The objective of this study was to determine the impact of the application of SiO2 NPs in Lilium plants—specifically, to determine the best way to apply SiO2 NPs, as well as the most suitable concentration to improve flower quality and shelf life.

2. Results

2.1. Flower Characteristics

No differences were observed in stem diameter following the application of SiO2 NPs via the soil application method. However, following the foliar application of SiO2 NPs, the stem diameter was increased by 19.60% and 6.44% compared to the control with concentrations of 600 and 1000 mg L−1, respectively (Figure 1A).
No differences in petiole diameter were observed between treatments when the SiO2 NPs were applied by the soil method. However, the foliar application of SiO2 NPs induced increases of 28.71% and 23.58% with concentrations of 600 and 1000 mg L−1, respectively, compared to the control (Figure 1B).
No differences were observed in the length of the flower bud following application via the soil method. However, with the foliar method, concentrations of 600 and 1000 mg L−1 of SiO2 NPs showed increases of 27.77% and 30.27%, respectively, compared to the control (Figure 1C).
The opening of the flower bud and the flowers’ shelf life behaved statistically the same when treatments were applied via the soil method. In contrast, when applied via the foliar method, the opening of the flower bud was faster at the concentration of 600 mg L−1, although the difference was not significant compared to the control (Figure 2A). The flowers’ shelf life was increased by up to 21.62% more than the control with the application of 600 mg L−1 of SiO2 NPs (Figure 2B).
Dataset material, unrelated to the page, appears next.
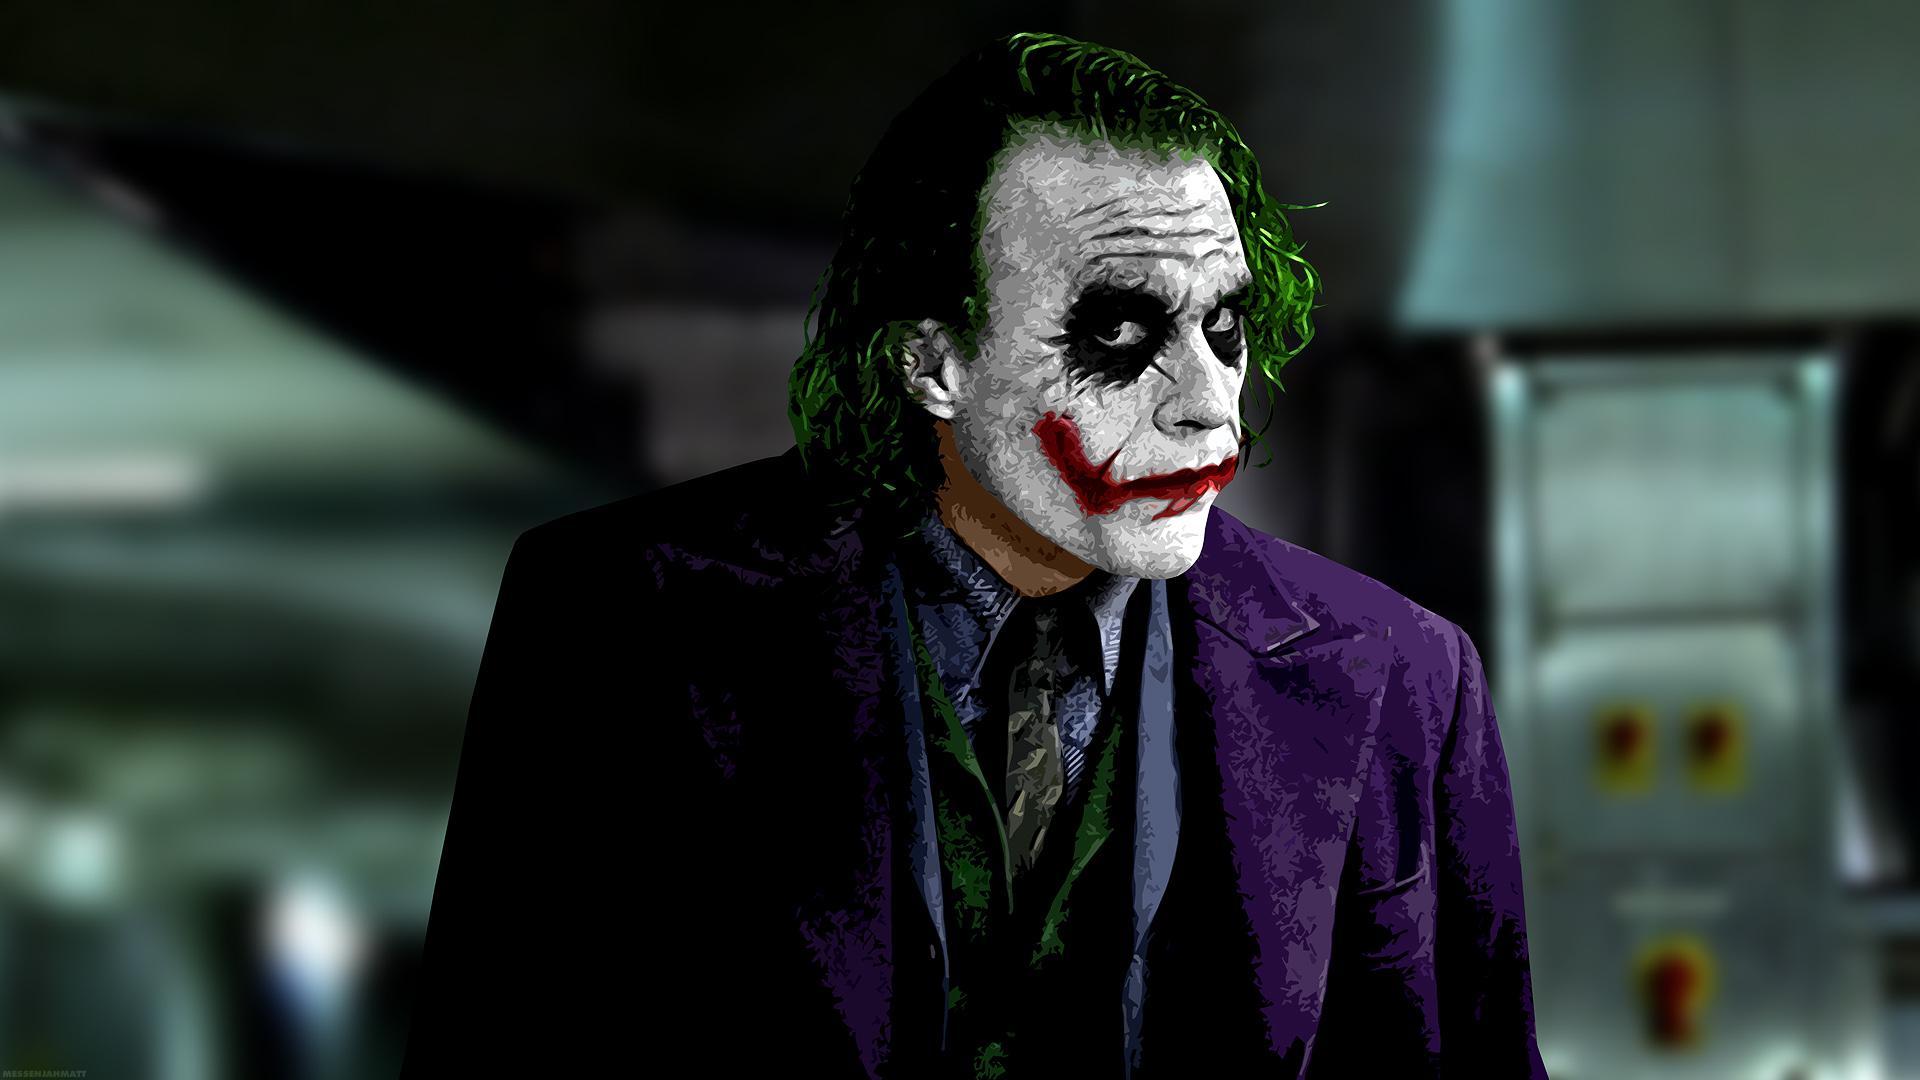 joker   The Joker Wallpaper 28092803 1920x1080
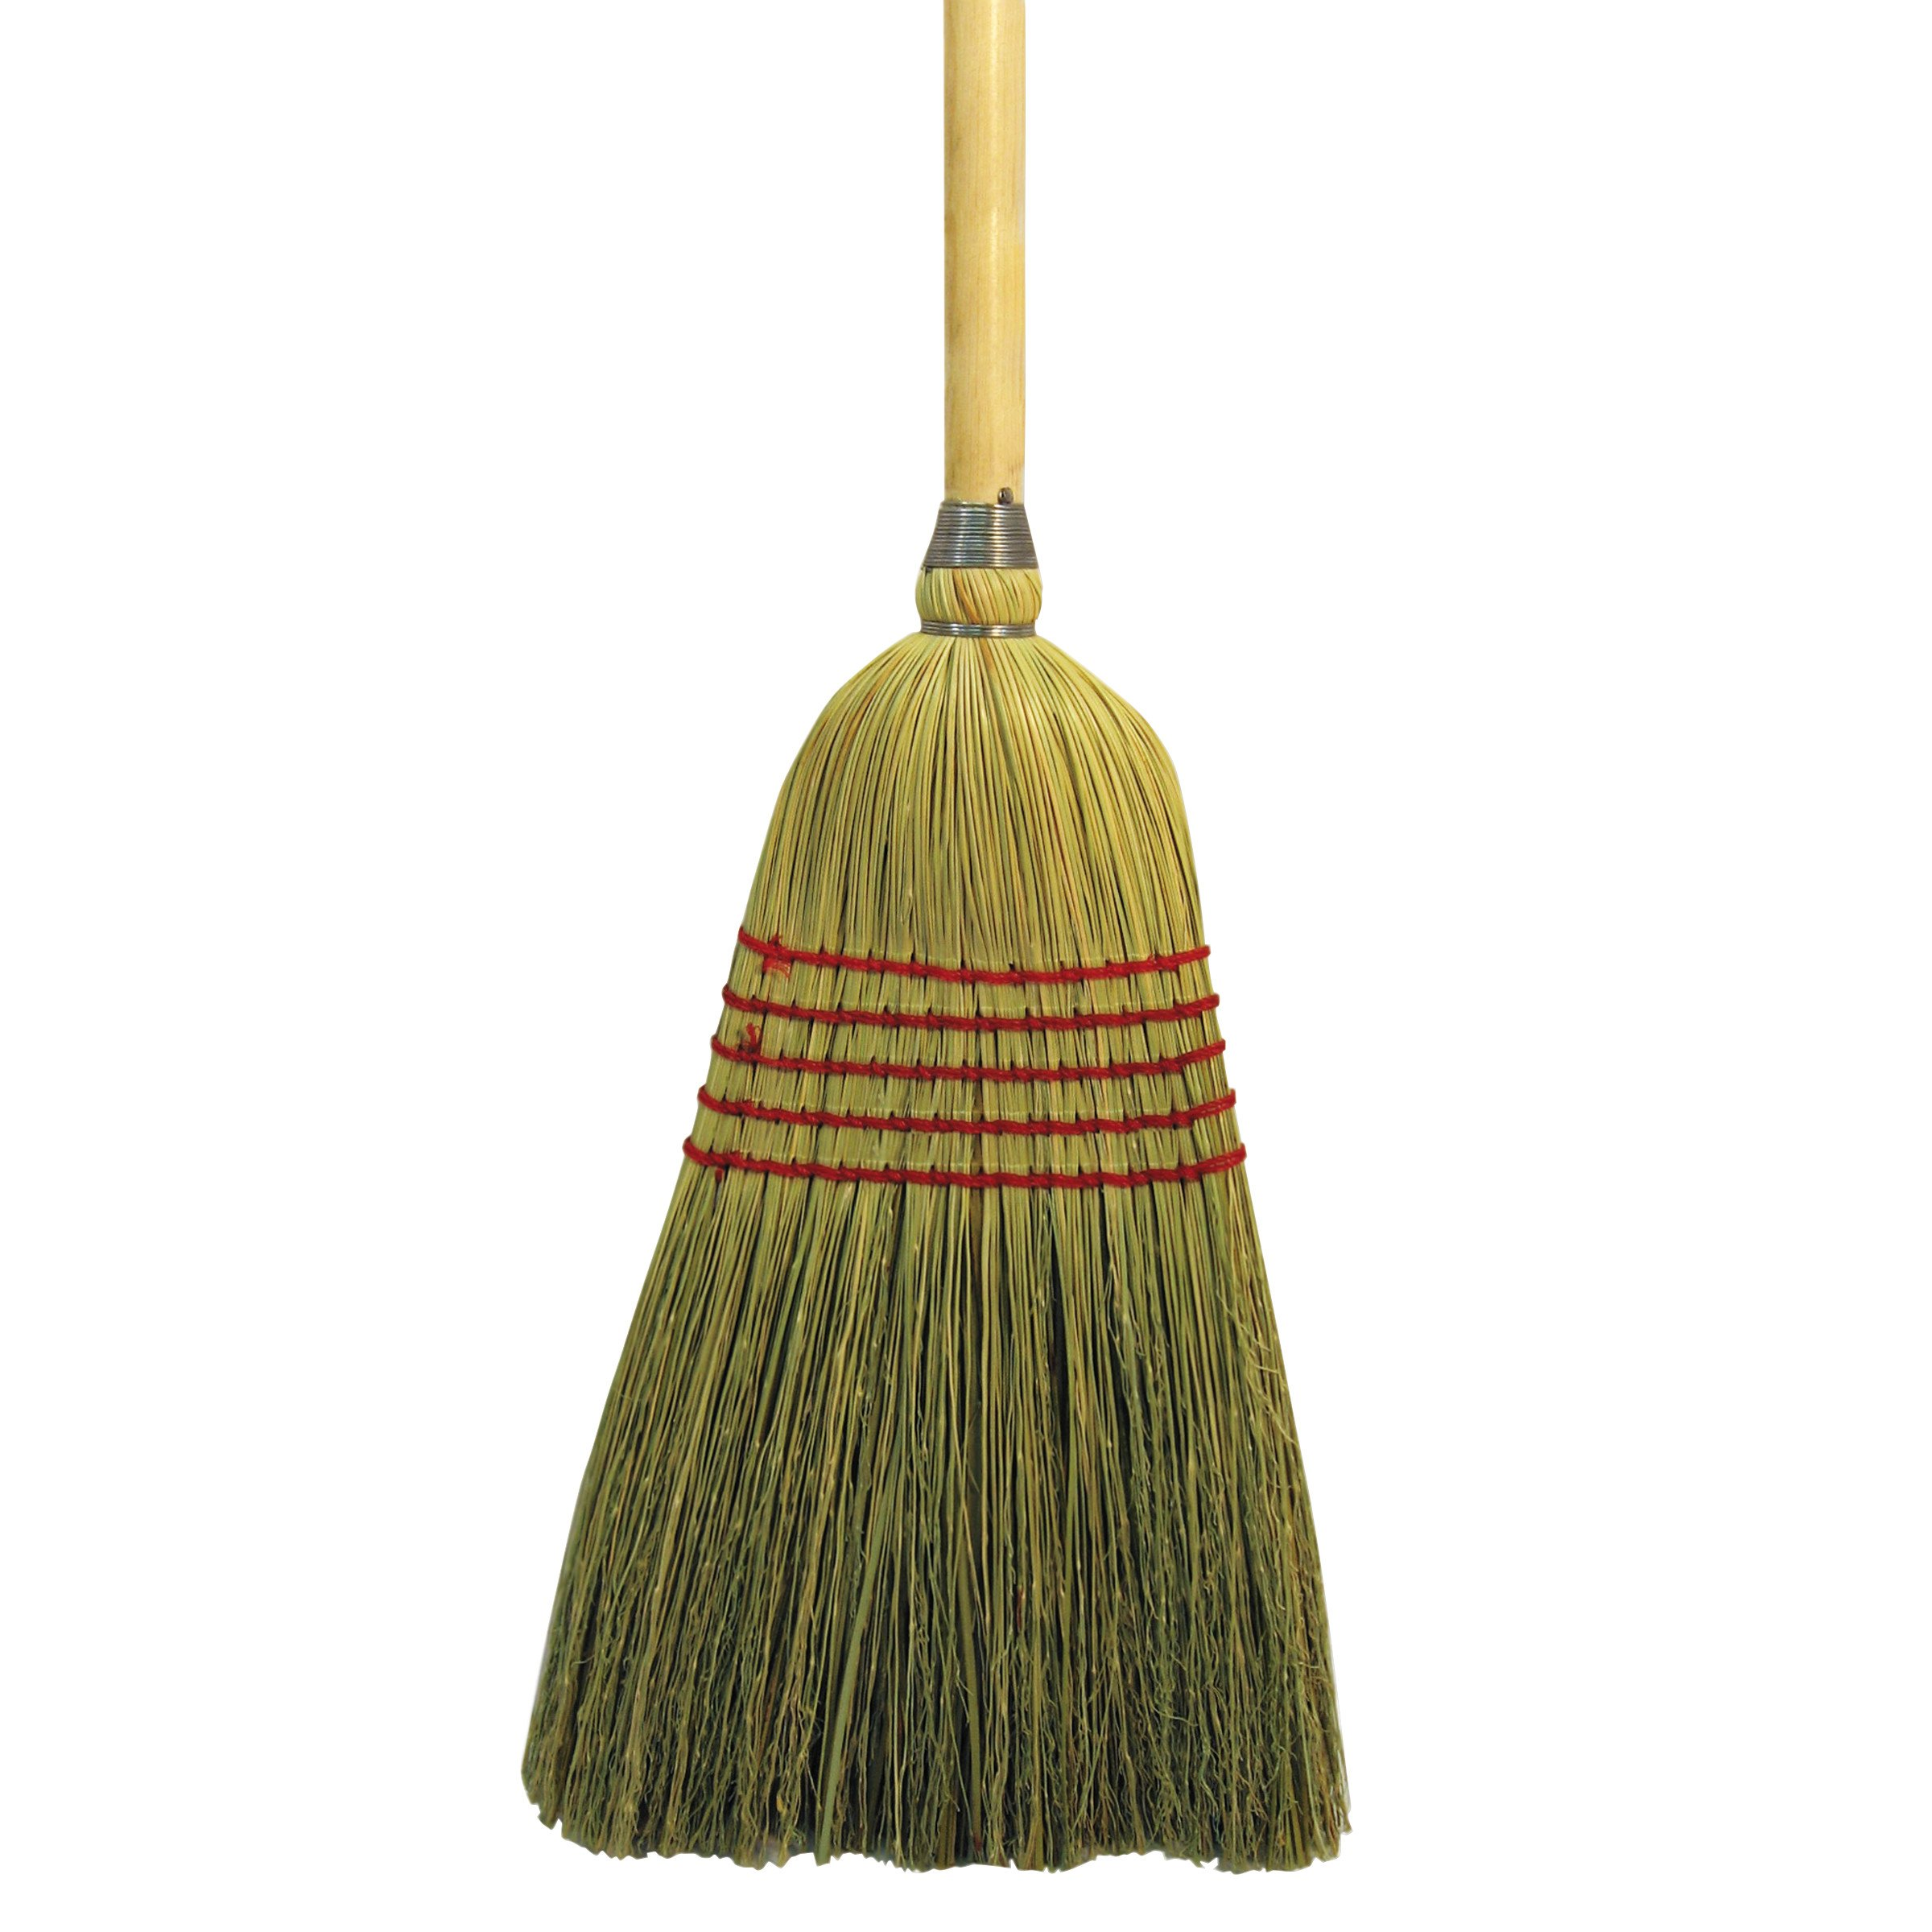 UNISAN Parlor Broom, Yucca/Corn Fiber Bristles, 42 Inch Wood Handle, Natural (926Y)

2.2. Accumulation of Macro- and Micronutrients

The application of SiO2 NPs via the soil method modified the concentration of some macronutrients in the leaves, such as Mg, P, and S; however, it had no effect on the macronutrient content in the flowers (Table 1). Consistently, a concentration of 600 mg L−1 of SiO2 NPs increased the content of Mg, P, and S by 25.6%, 69.1%, and 113.9%, respectively, compared to the control.
Following the application of SiO2 NPs via the foliar method, only the calcium content in the flower was modified; the highest concentration, 56.4% more than the control, was observed with 400 mg L−1 of SiO2 NPs (Table 1).
Regarding micronutrient contents, the application of SiO2 NPs via the soil method in concentrations of 600 and 800 mg L−1 increased the content of Zn in the leaves by approximately 64% compared to the control. In contrast, the copper content in the flowers decreased with treatments of 400, 800, and 1000 mg L−1 of SiO2 NPs (Table 2).
The foliar application of SiO2 NPs only modified the Zn content in the flowers, as the 400 mg L−1 treatment increased the content of this element by 34.1% compared to the control (Table 2).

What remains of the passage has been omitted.